Saison apicole 2019 : Le bilan

Cette année, FranceAgriMer évalue la production de miel française. Les données sont récoltées auprès d'apiculteurs, tant professionnels qu'amateurs, et de conditionneurs. 

Cette année, les enquêtes ont permis de recueillir les réponses de presque 3 500 apiculteurs. 

Quels sont les principaux résultats de cette étude ?

  • Première bonne nouvelle : le nombre total d'apiculteurs est en augmentation en 2019 ! 

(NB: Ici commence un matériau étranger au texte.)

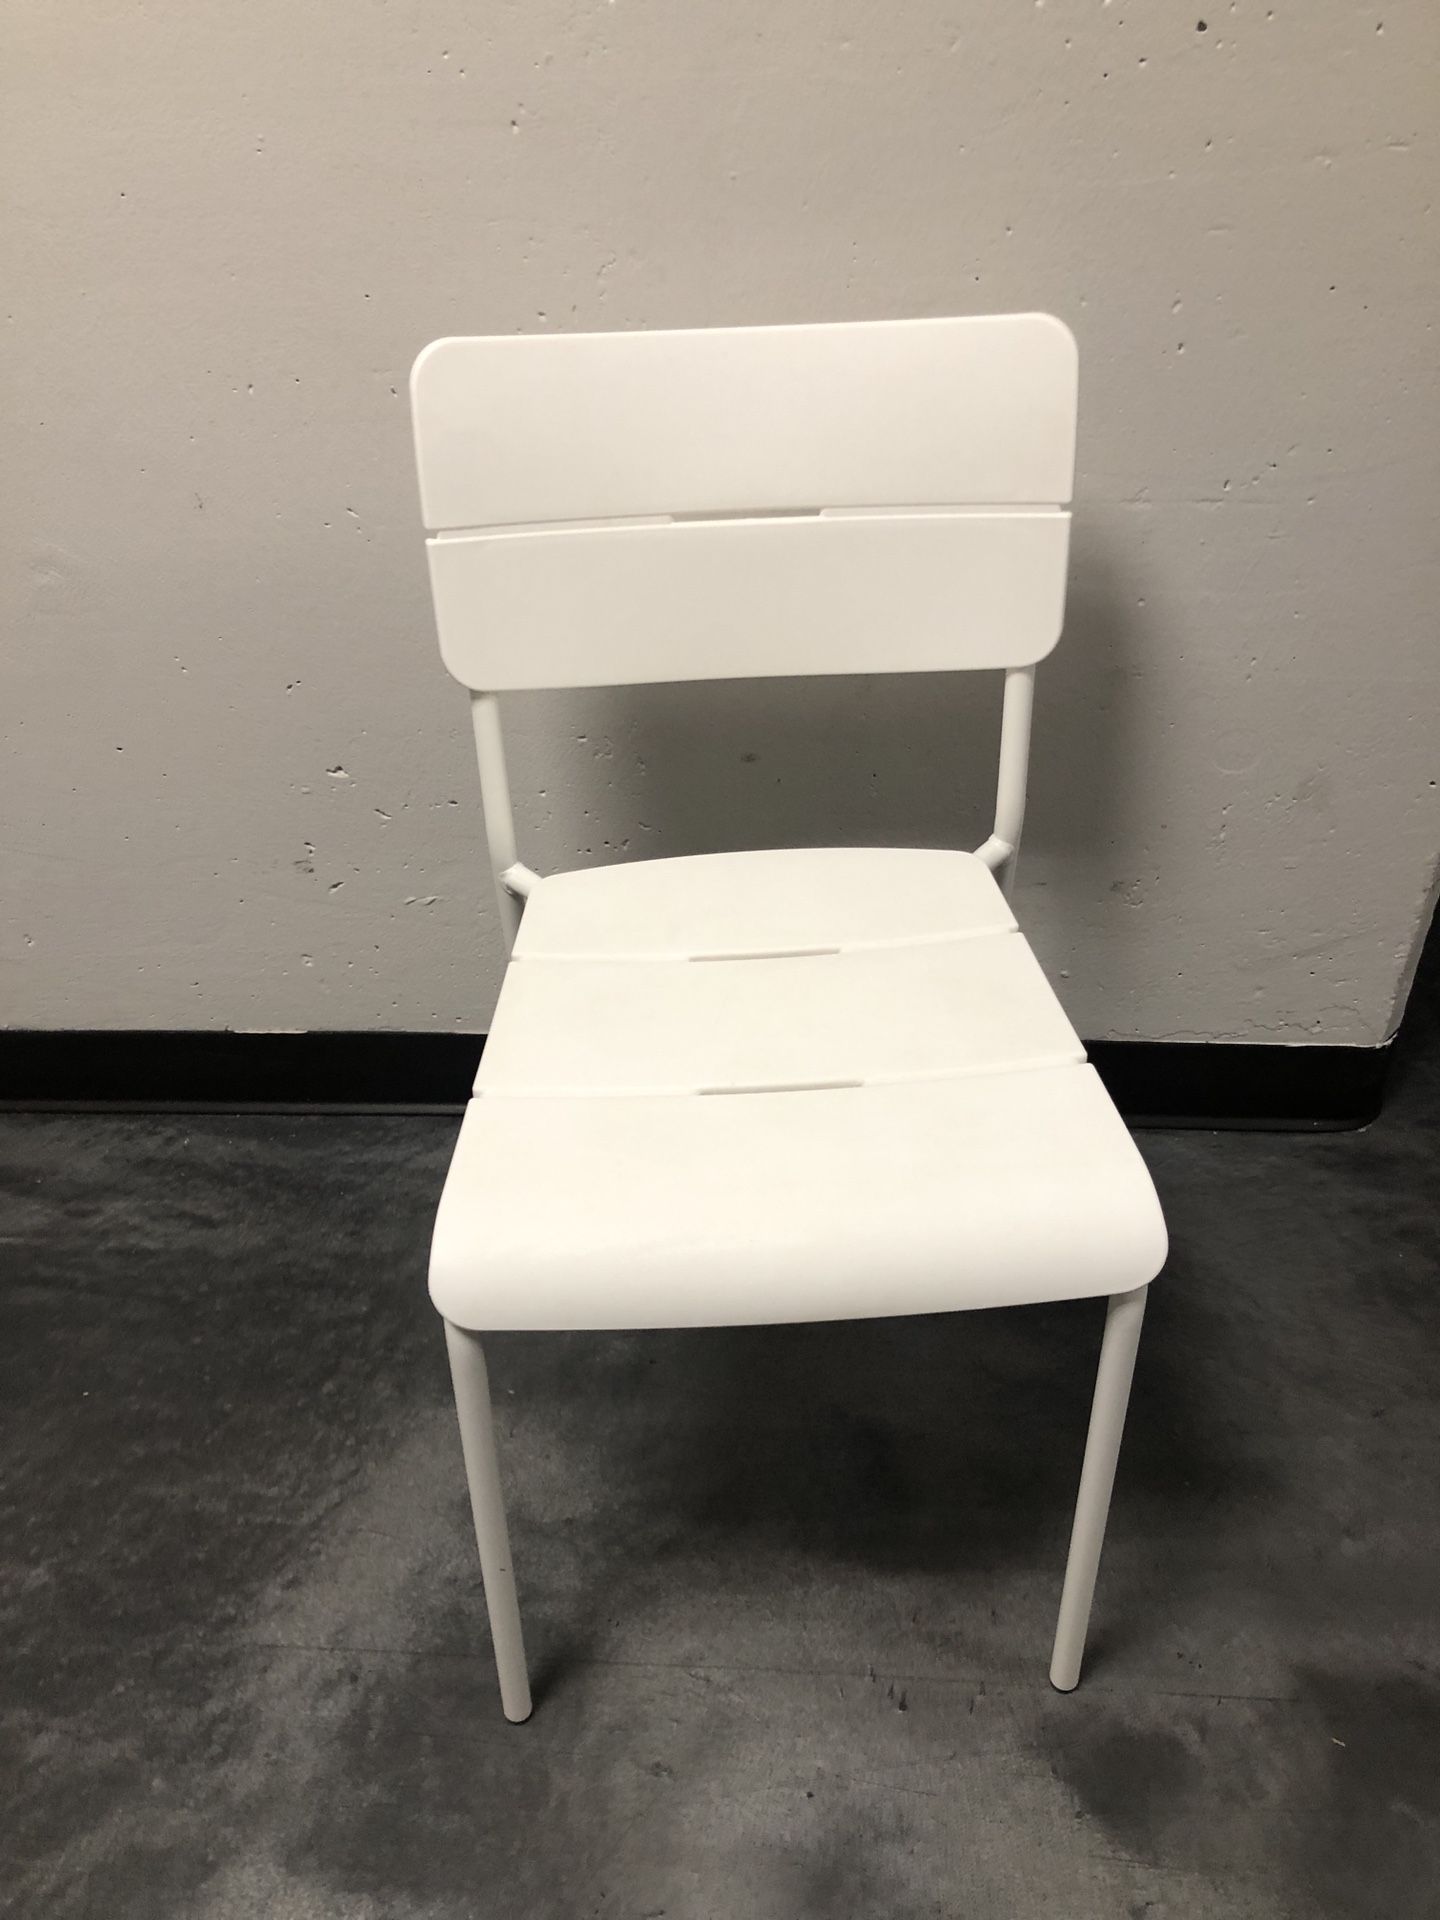 Ikea VÄDDÖ Chair, Outdoor, White

En 2019, le nombre d'apiculteurs a augmenté de 10% par rapport à 2018. Cette hausse concerne tant les professionnels que les amateurs. Et vous ? Faites-vous partie de ceux qui ont revêtu la vareuse l'an dernier ? Désormais, les abeilles françaises comptent 62 445 gardiens sur le territoire.

Les abeilles aiment la douceur, il n'est donc pas surprenant de retrouver un grand nombre d'apiculteurs dans la moitié sud du pays, notamment en Auvergne Rhône-Alpes, Occitanie et Nouvelle-Aquitaine. Le Grand Est compte également de nombreux amoureux des abeilles.

  • La production de miel est en baisse en 2019

La production 2019 a été satisfaisante, bien qu'inférieure à la production exceptionnelle de 2018. Néanmoins, les 21 626 tonnes de miel produites en 2019 ne suffisent toujours pas à alimenter la consommation annuelle française, qui s'élève à plus de 40 000 tonnes, et l'Hexagone reste contraint d'importer des miels pour soutenir la demande intérieure.

Si la production a été notable en 2019, un point de vigilance s'impose : le rendement moyen par ruche (issue de l'agriculture conventionnelle) a chuté en 2019. Le rendement moyen national n'est que de 18,7kg de miel produit par ruche en 2019, contre 28,7kg en 2018 (-38%).

Le rendement va généralement de pair avec le nombre de ruche : plus une exploitation possède de ruches, plus son rendement est élevé. Ainsi en 2019, un amateur a eu en moyenne un rendement de 12,8 kg à la ruche, contre plus de 22kg par ruche pour un professionnel disposant de plus de 400 ruches. 

Deuxième bonne nouvelle : le miel certifié biologique est en progression de 3,5 points et représente ainsi presque 14% du total du volume de miel produit en 2019. Il est presque exclusivement produit par des apiculteurs professionnels et il est de plus en plus prisé par les consommateurs. 

Alors pourquoi une baisse de la production par rapport à 2018 ? 

Souvenez-vous : l'année dernière nous avons connu de nombreux épisodes de canicules surtout dans les régions Grand Est, Auvergne Rhône-Alpes et PACA. Nous avons eu chaud, mais les plantes aussi ont souffert de ces chaleurs extrêmes et ont produit moins de nectar qu'à leur habitude. Les abeilles ont donc eu moins à manger, d'où cette baisse de production.

  • On ne vend pas de la même manière selon la taille de son exploitation apicole.

Si la vente directe reste le circuit de distribution privilégié pour les apiculteurs, il est néanmoins nécessaire pour certains apiculteurs de vendre leur production à des conditionneurs, notamment pour les apiculteurs possédant plus de 400 ruches. 

Ainsi en 2019, 44% de la production de miel est destinée à la vente directe (toutes catégories d'exploitations apicoles confondues) contre 13% destinée aux conditionneurs.